Data —
----
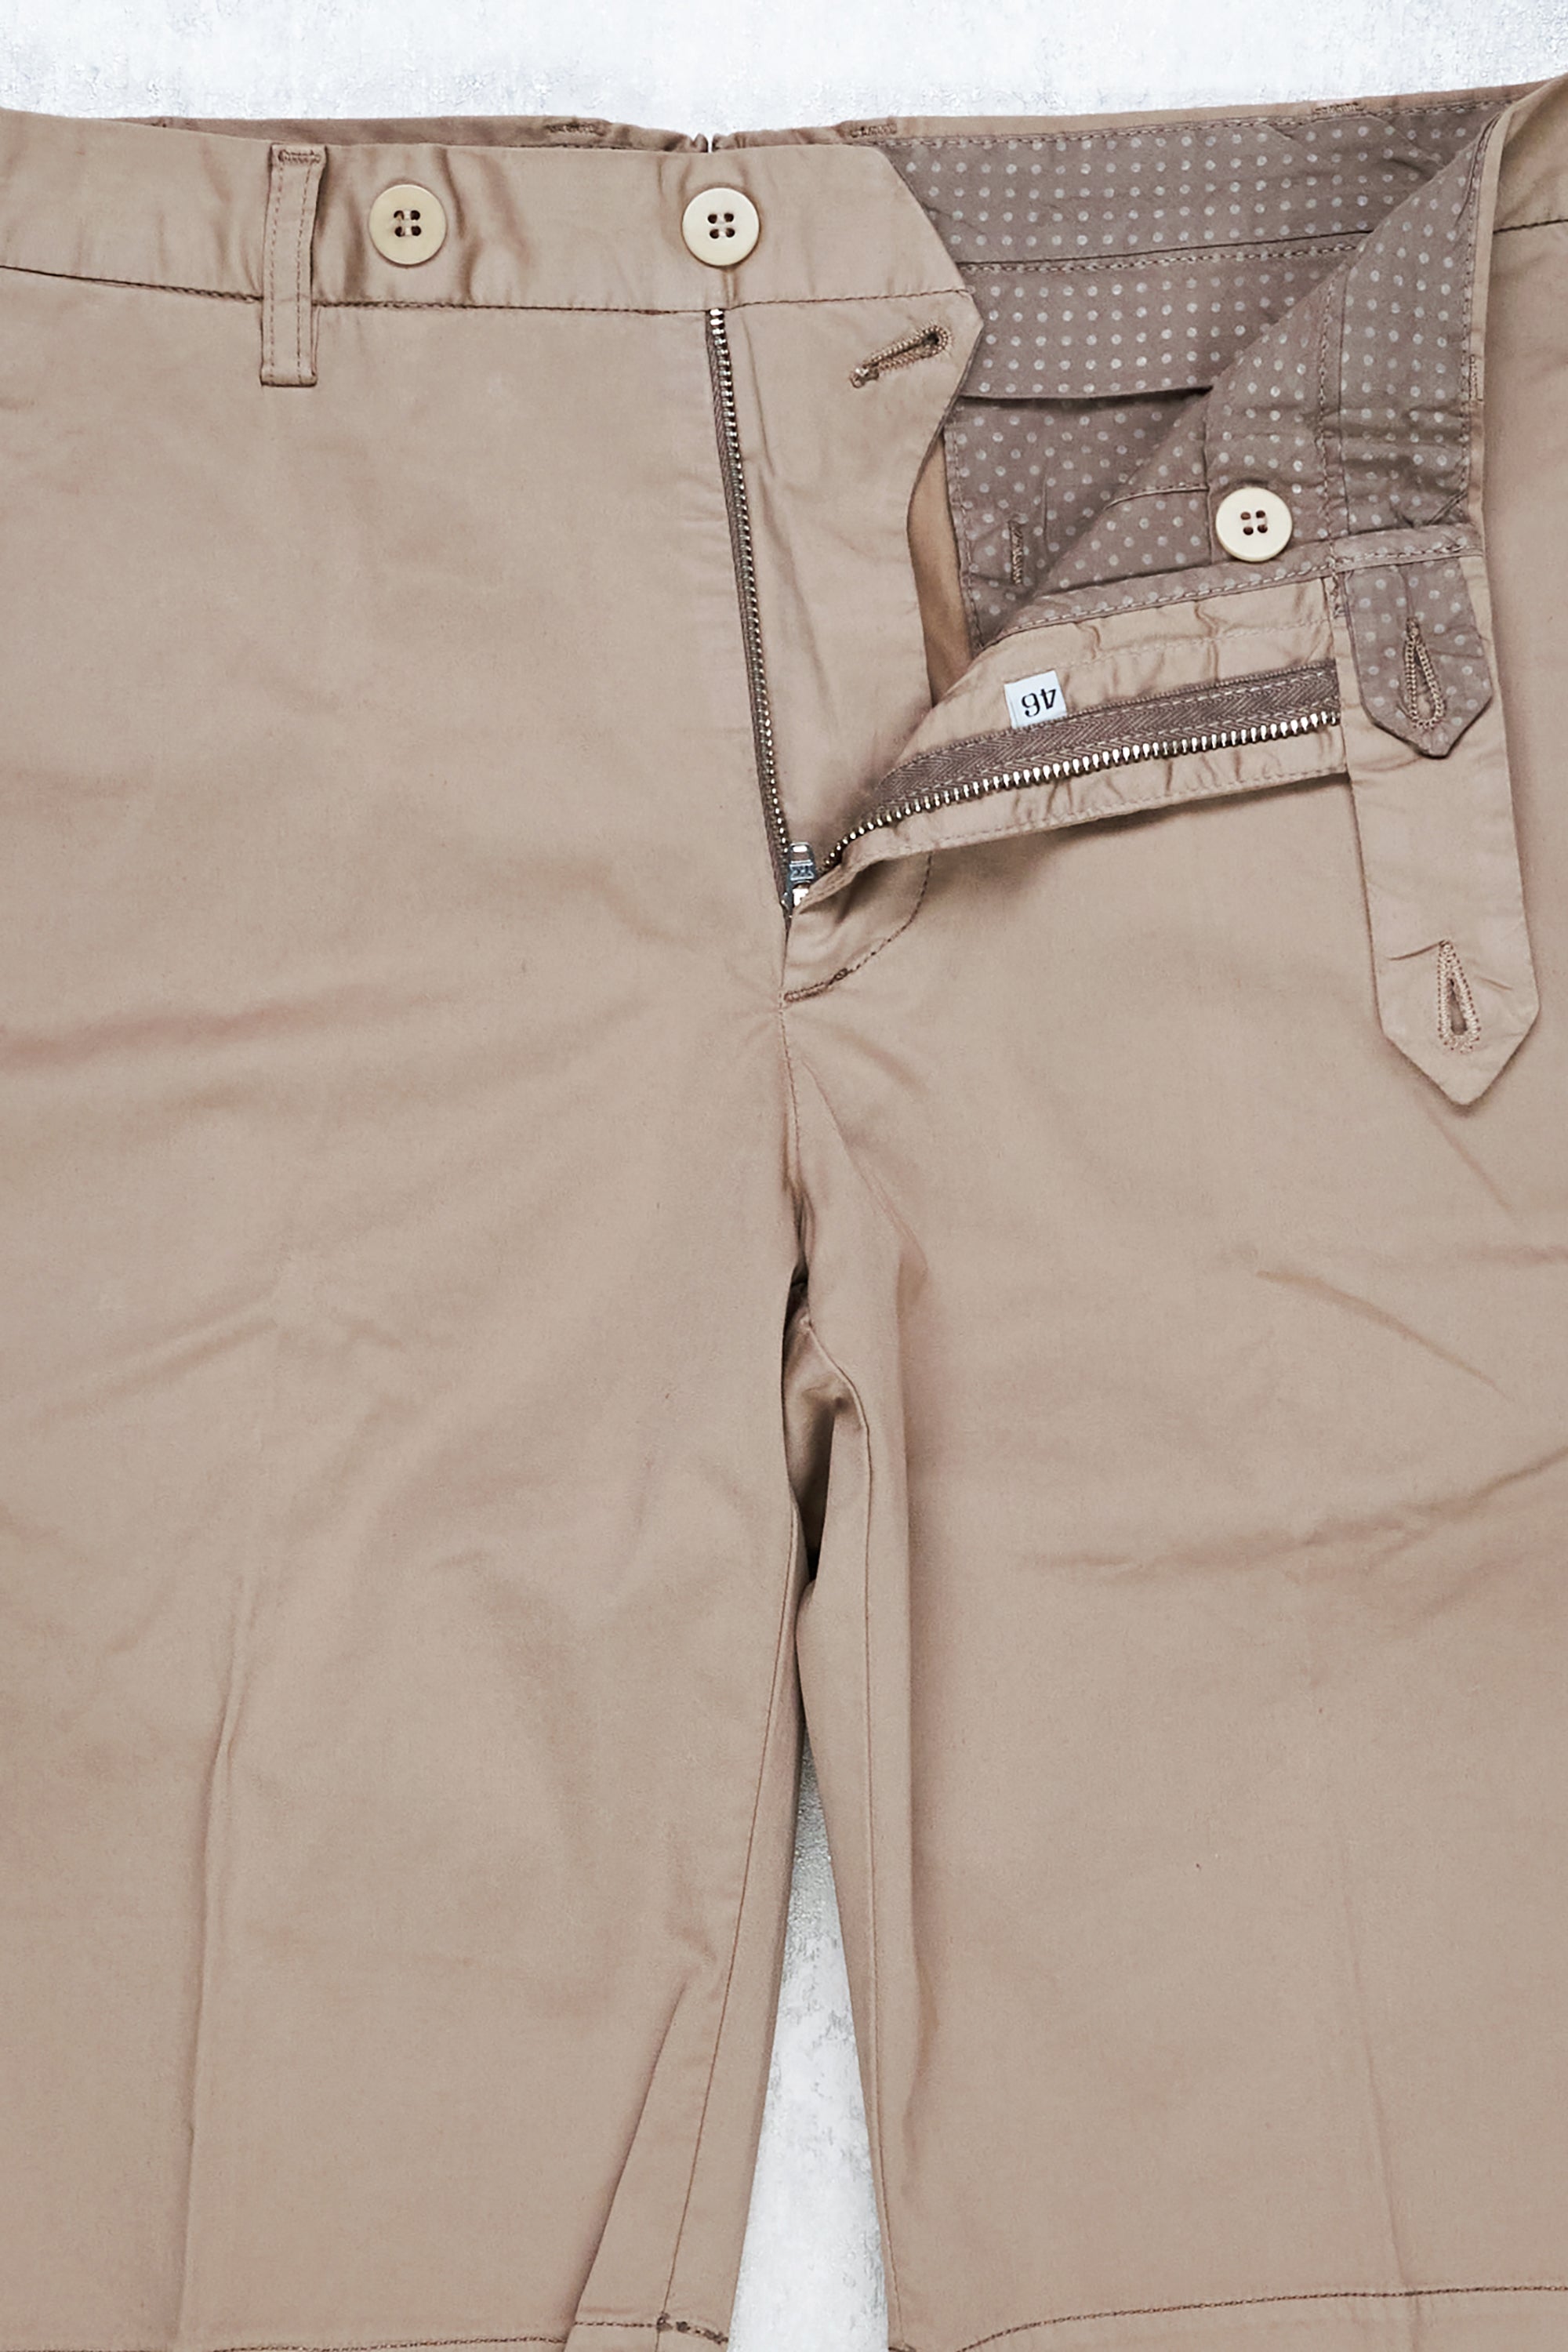 Rota	BE290/2 Brown Cotton Shorts
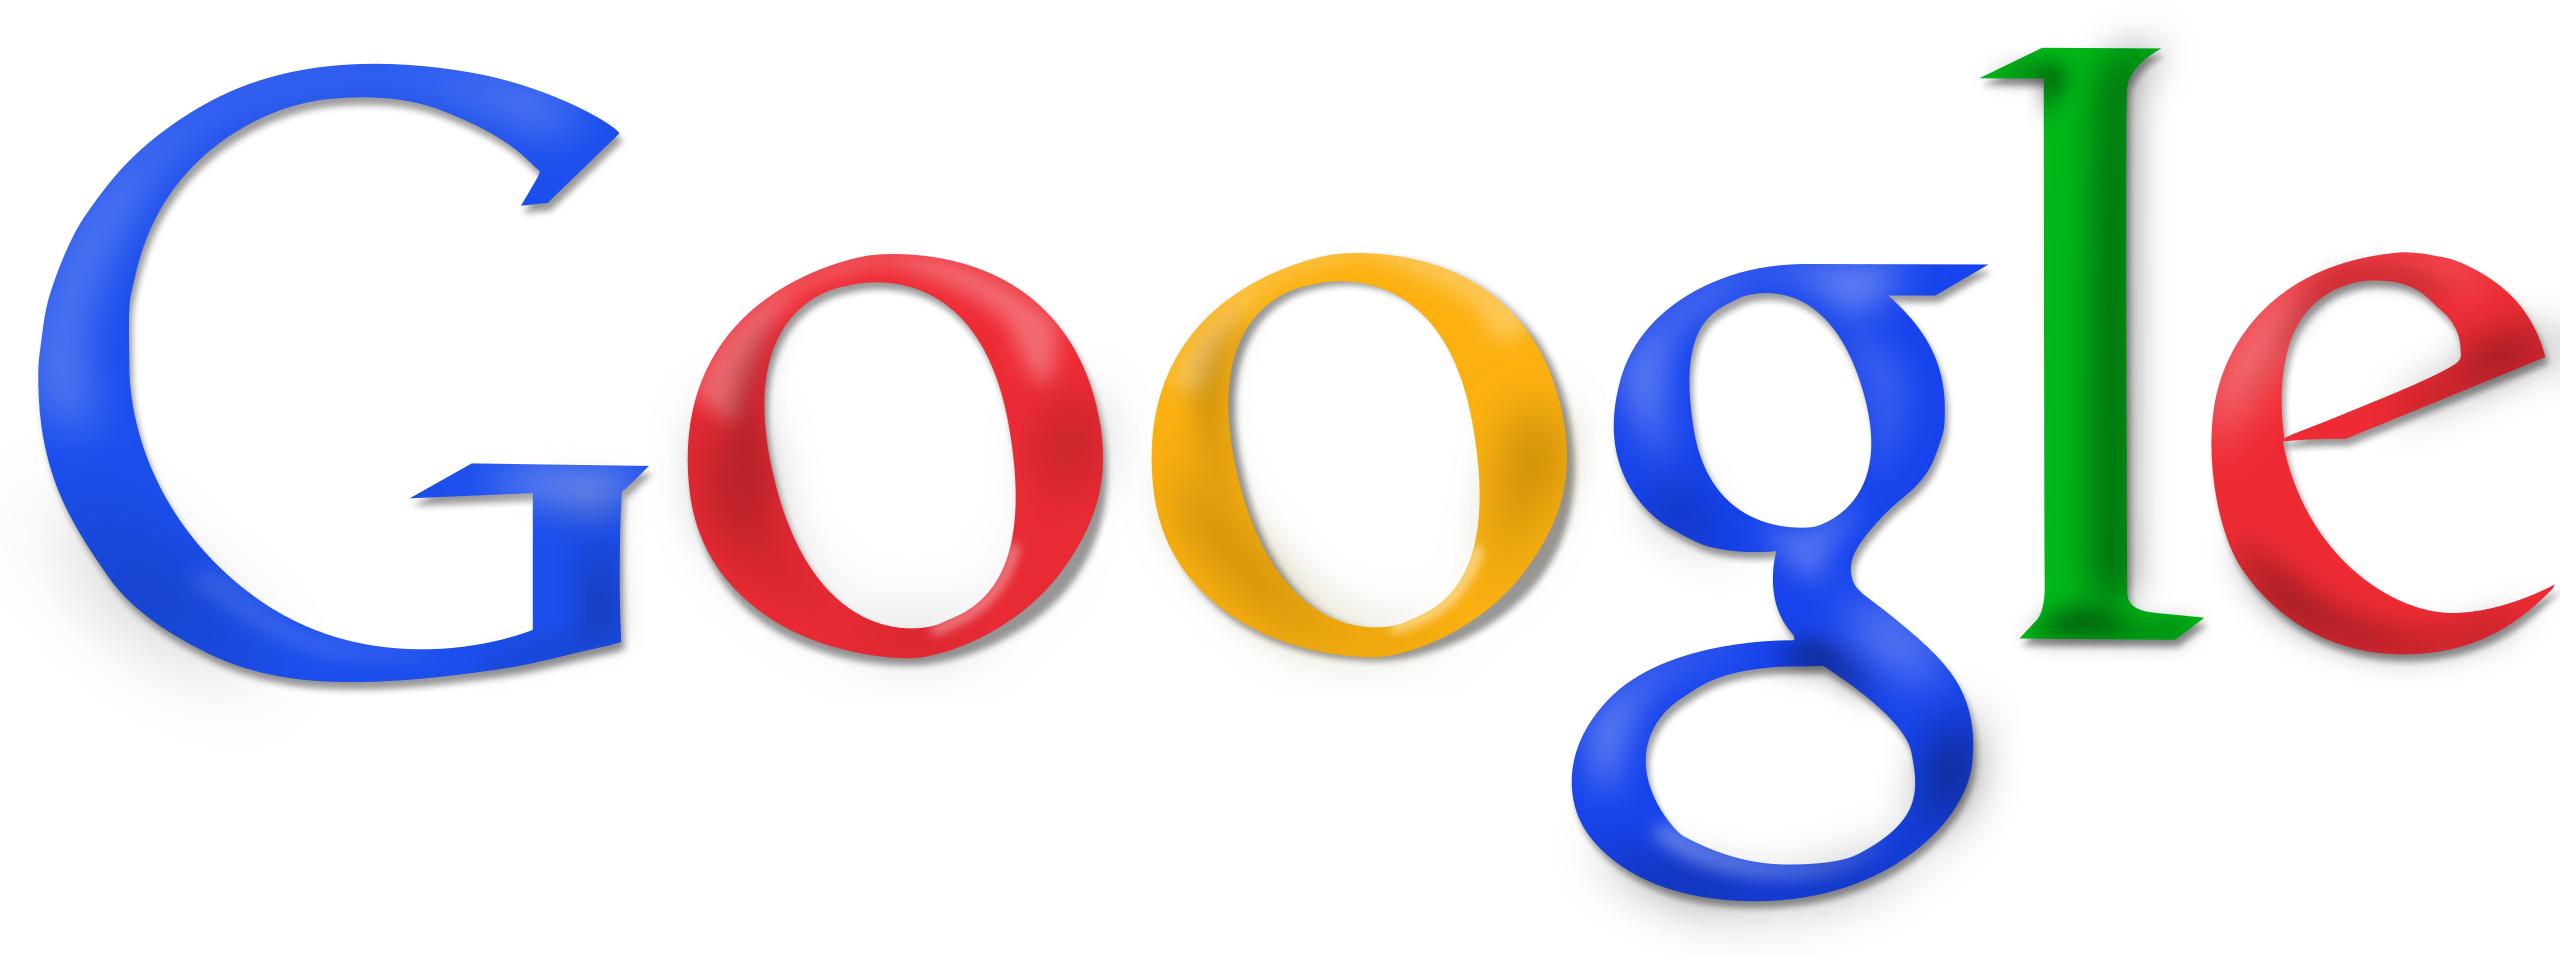 Google Logo Background PNG Image
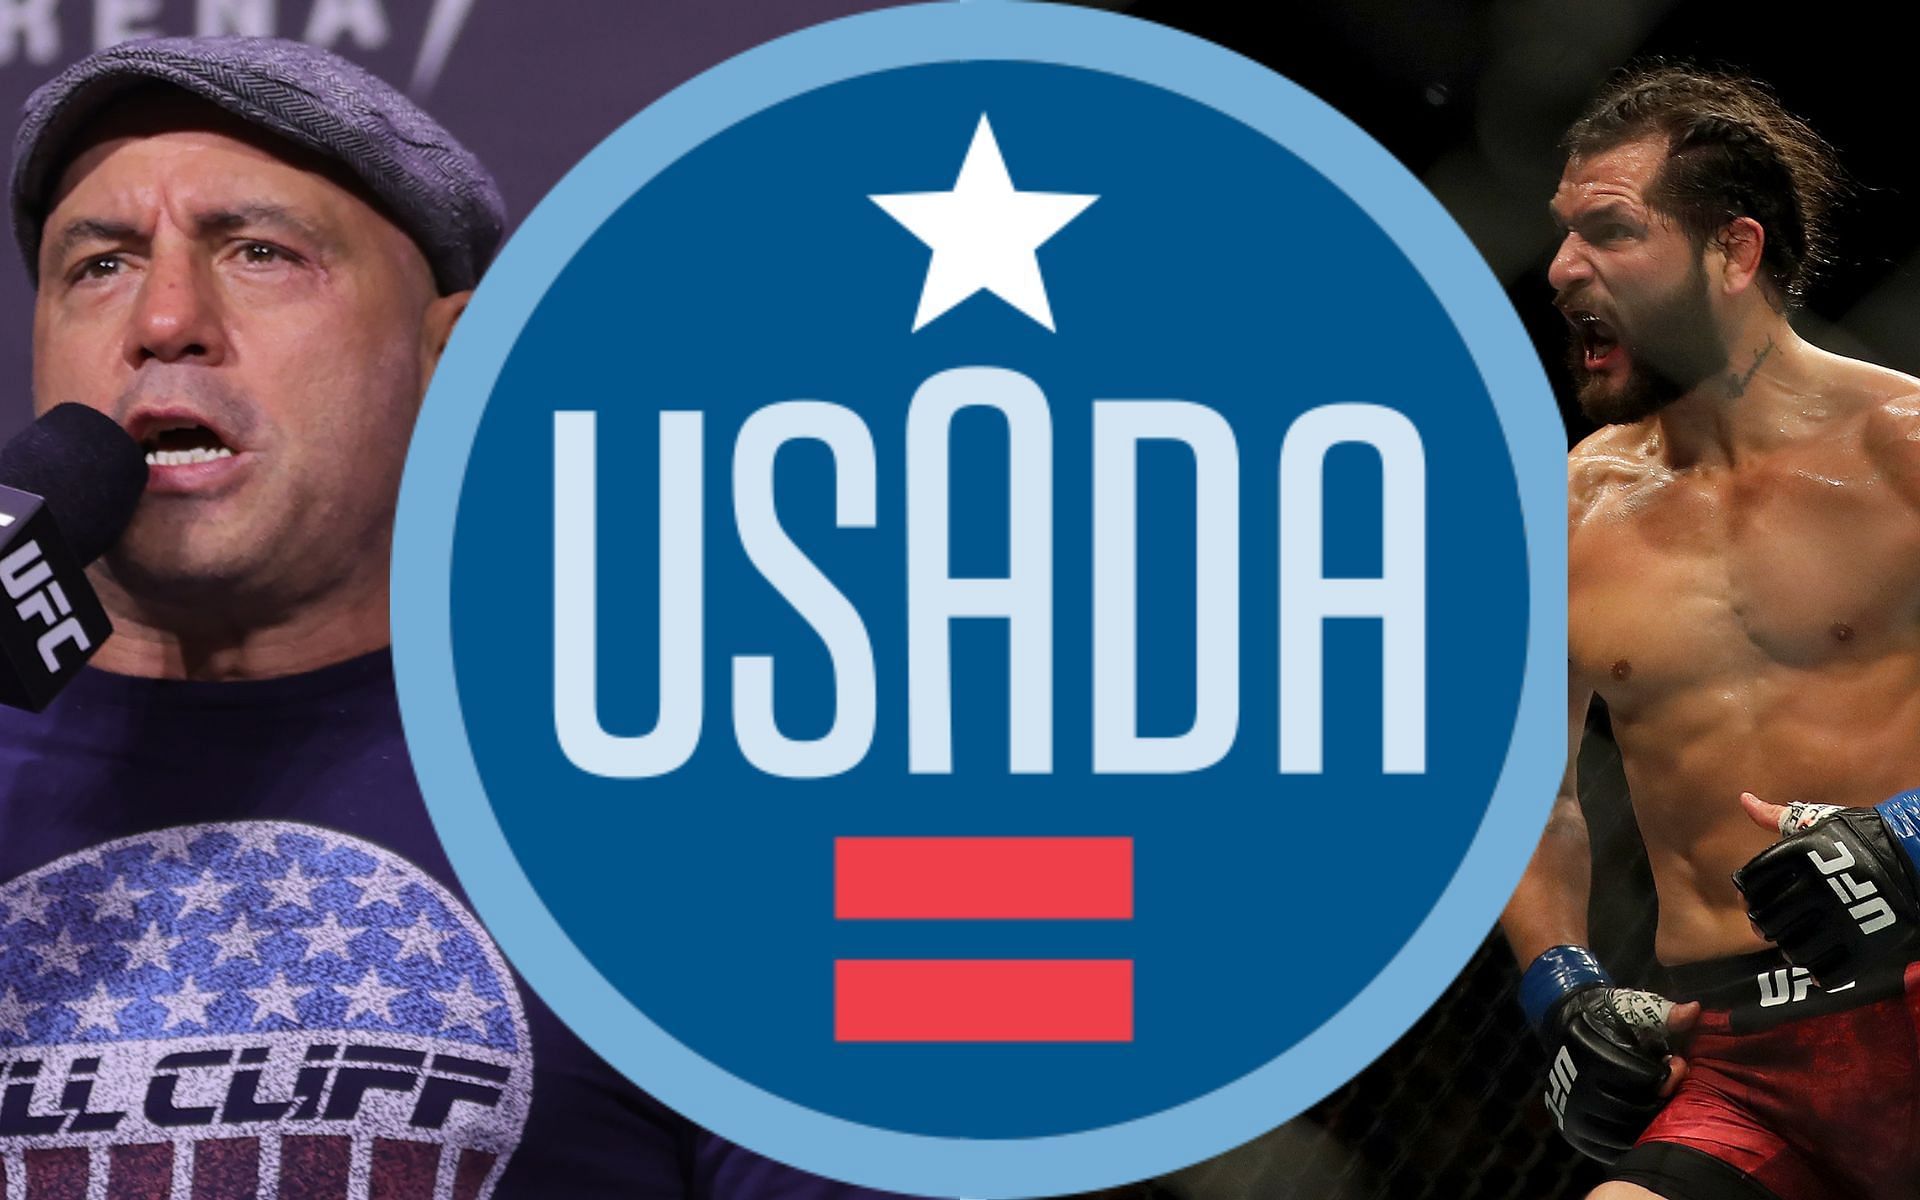 Joe Rogan (left), USADA logo (center), and Jorge Masvidal (right) (Image credits Getty Images and @usantidoping on Twitter)
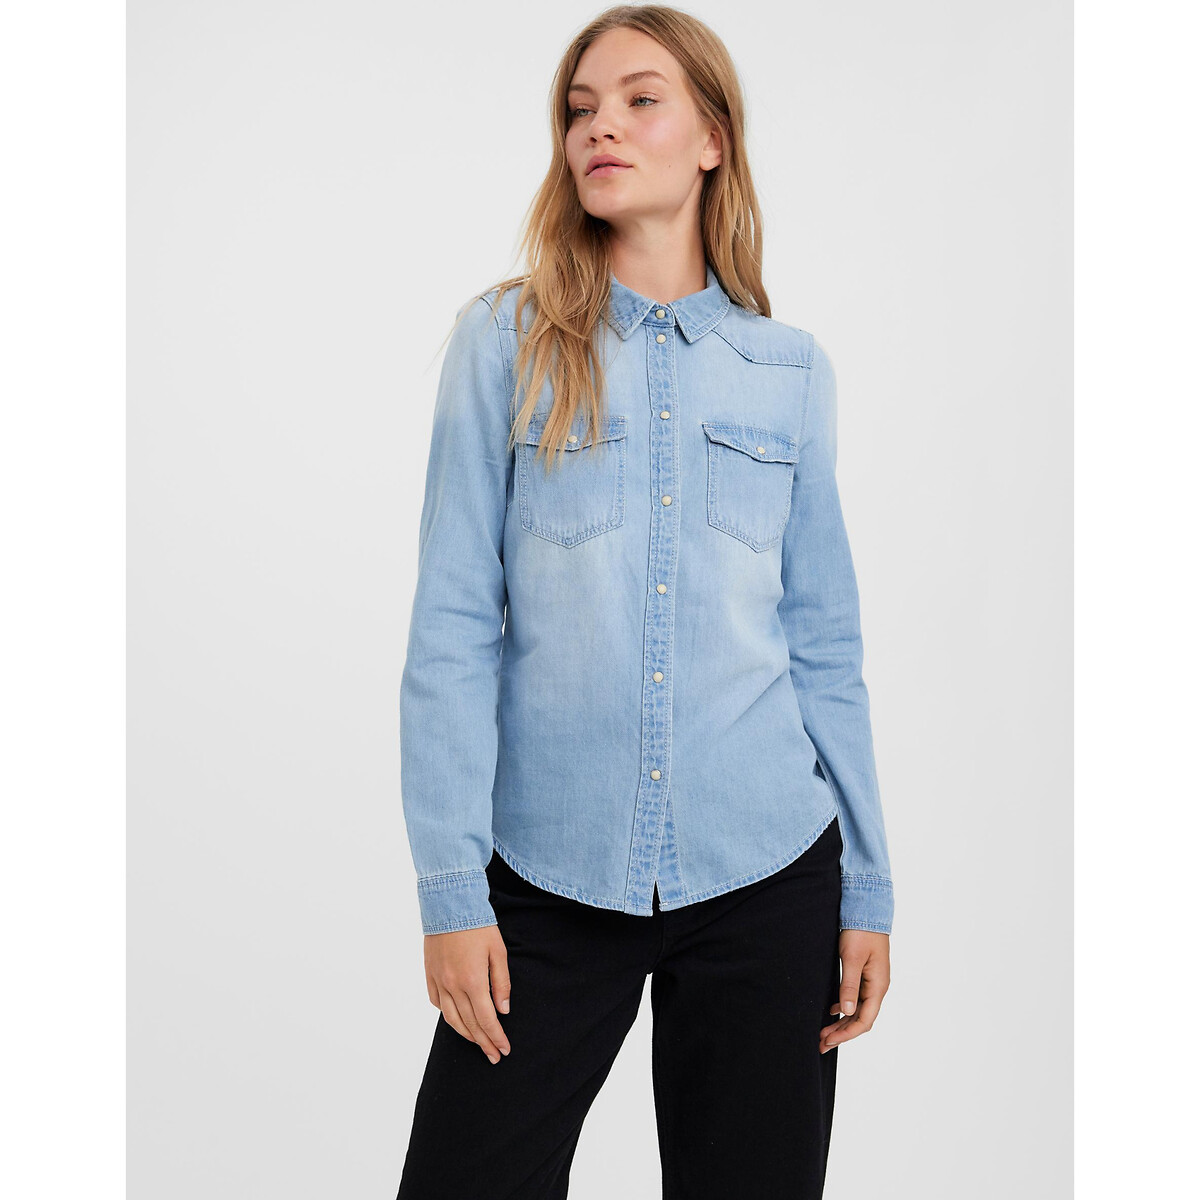 Рубашка Из джинсовой ткани L синий LaRedoute, размер L - фото 1
----
The problem — With images omitted, output the data exactly as given.

Result for this task —
 Rota	BE290/2 Brown Cotton Shorts
 Google Logo Background PNG Image
 Joe Rogan (left), USADA logo (center), and Jorge Masvidal (right) (Image credits Getty Images and @usantidoping on Twitter)
 Рубашка Из джинсовой ткани L синий LaRedoute, размер L - фото 1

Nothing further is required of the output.